What you need to do » For this exercise, the lines from the one with "Easy Holiday Baking: Chocolate Pretzel Bites" through the final line of the data below are to be transcribed exactly, and pictures are to be skipped.

Collected data »
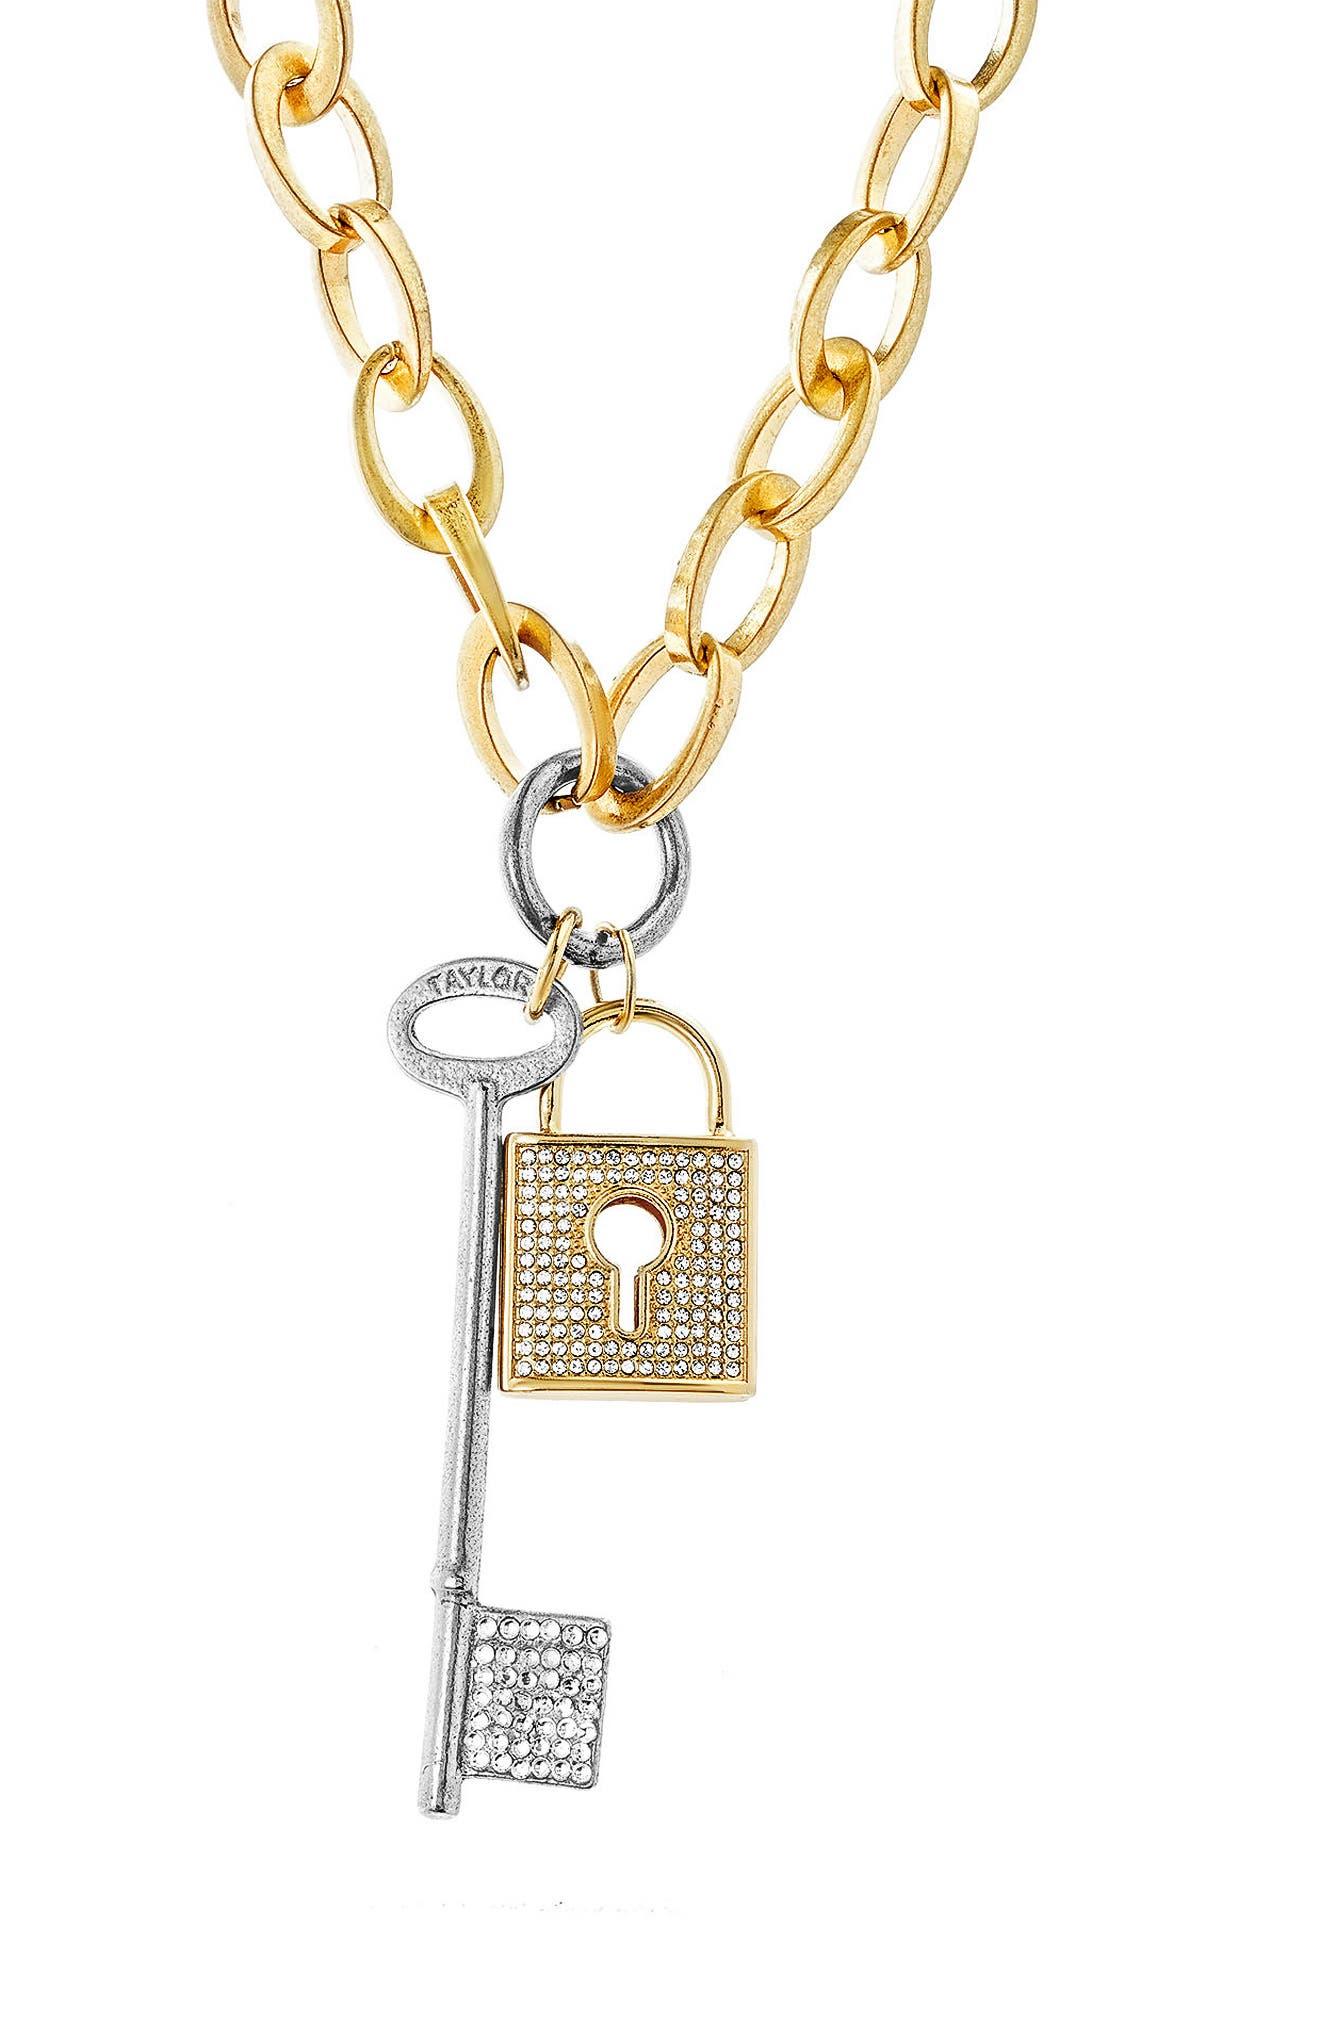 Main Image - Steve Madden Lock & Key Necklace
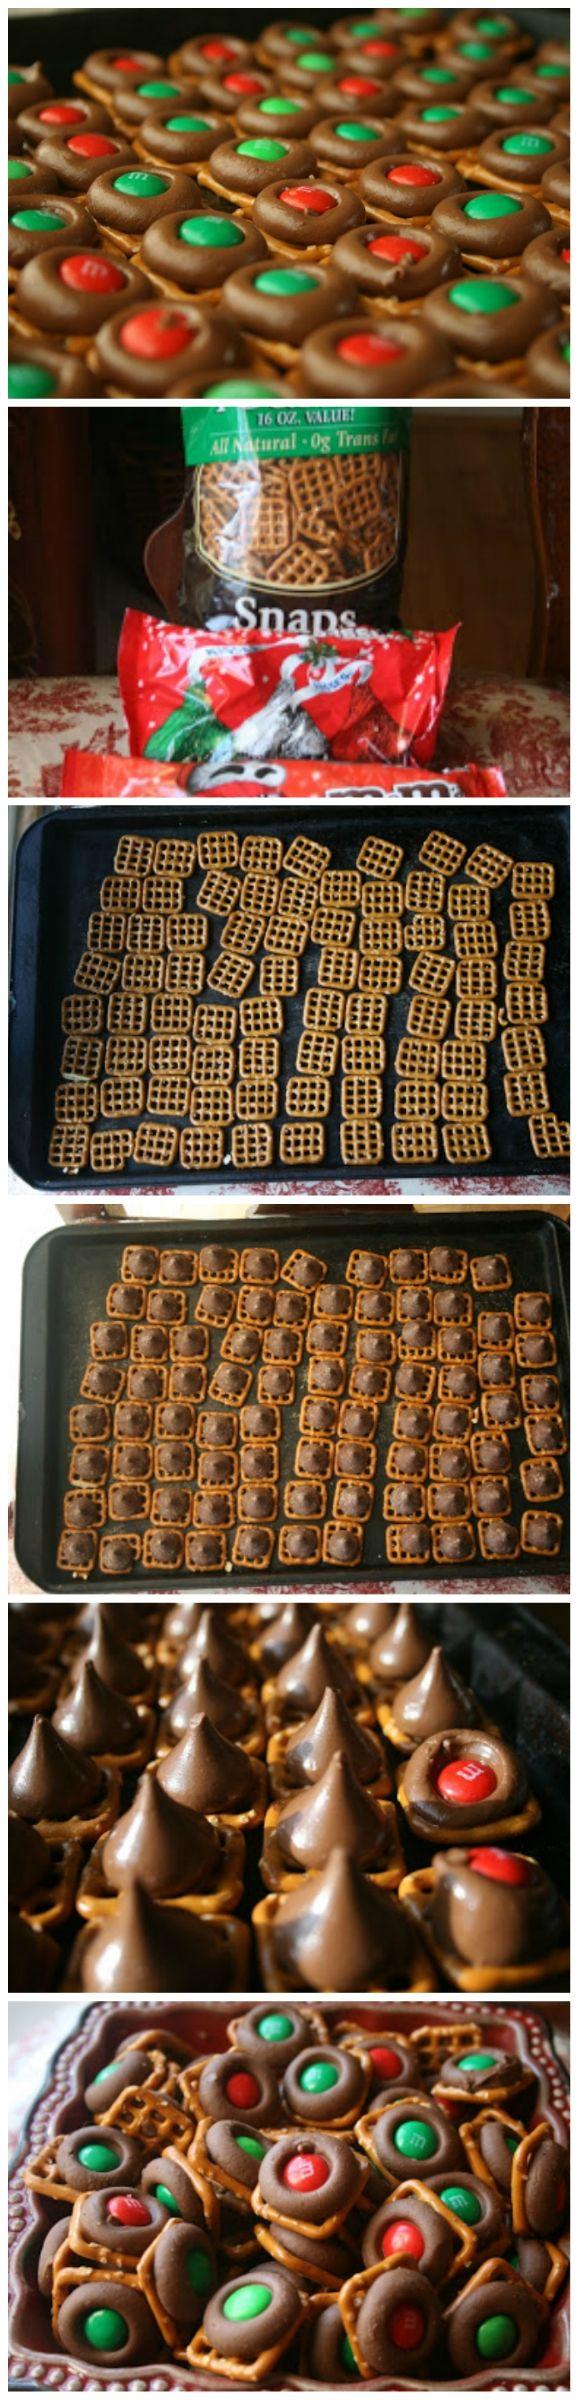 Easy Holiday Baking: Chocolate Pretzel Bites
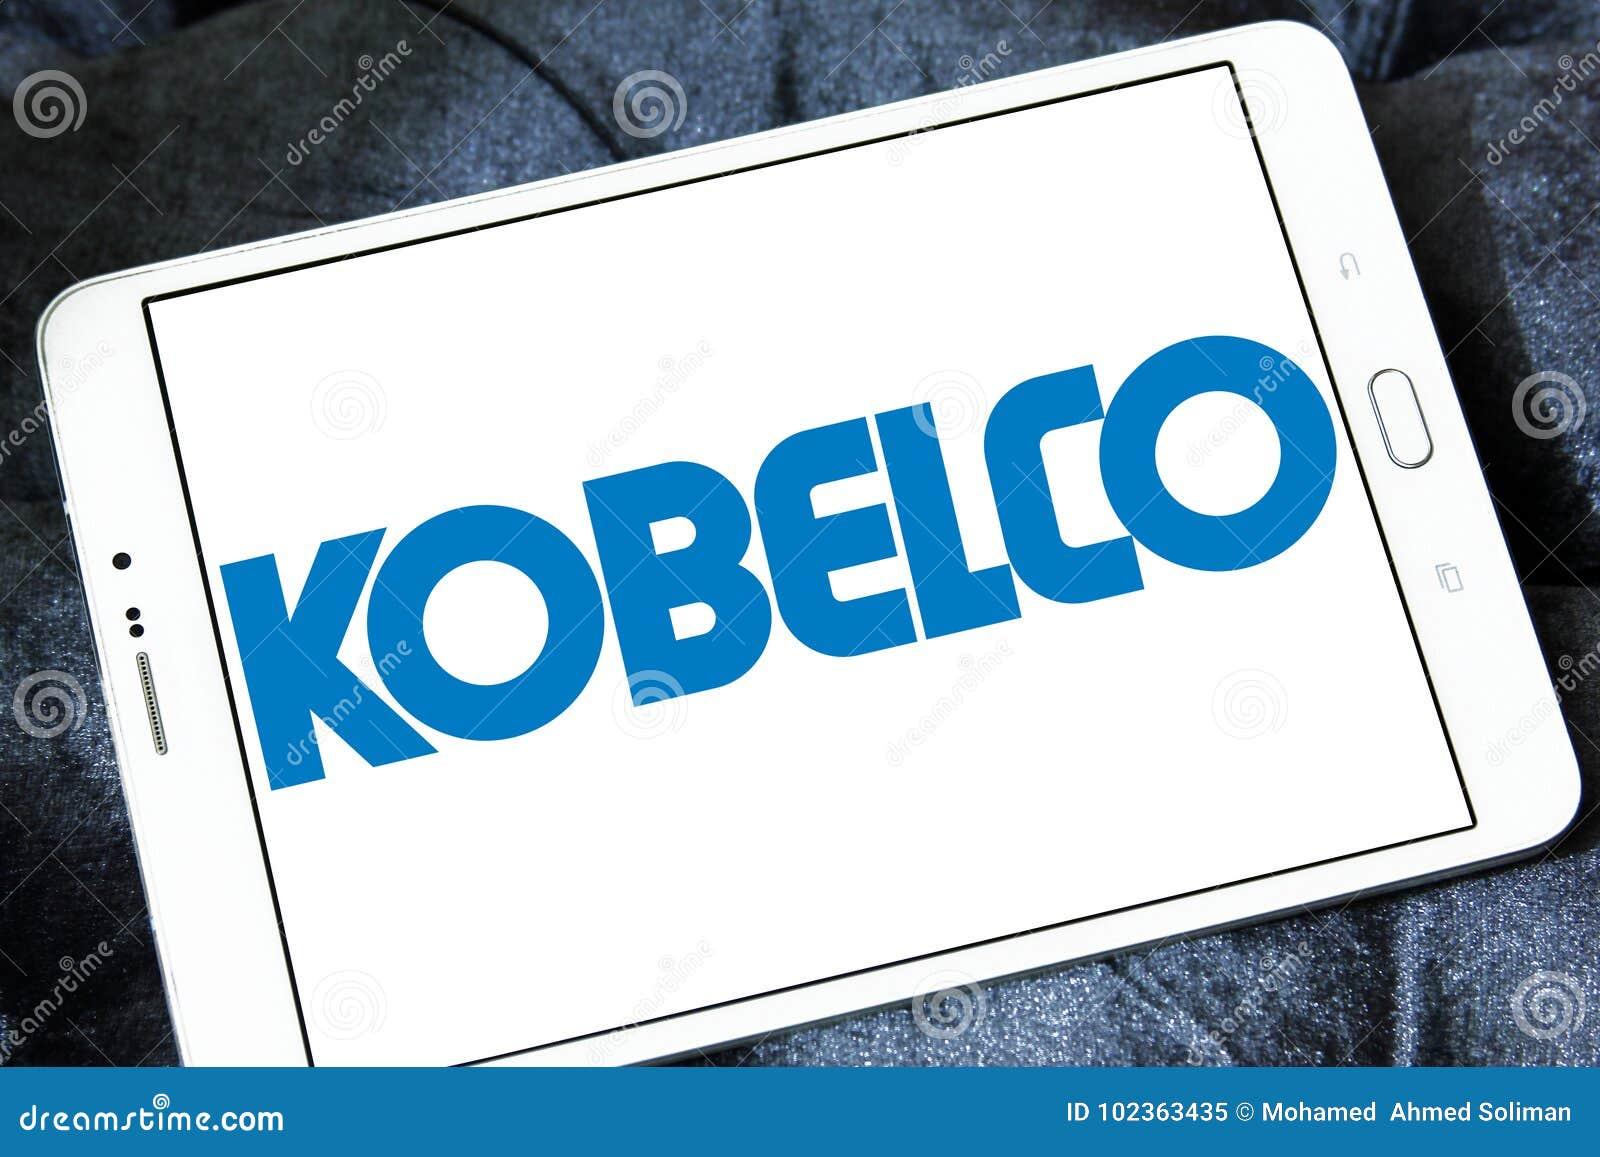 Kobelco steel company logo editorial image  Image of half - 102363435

Solution »
 Easy Holiday Baking: Chocolate Pretzel Bites
 Kobelco steel company logo editorial image  Image of half - 102363435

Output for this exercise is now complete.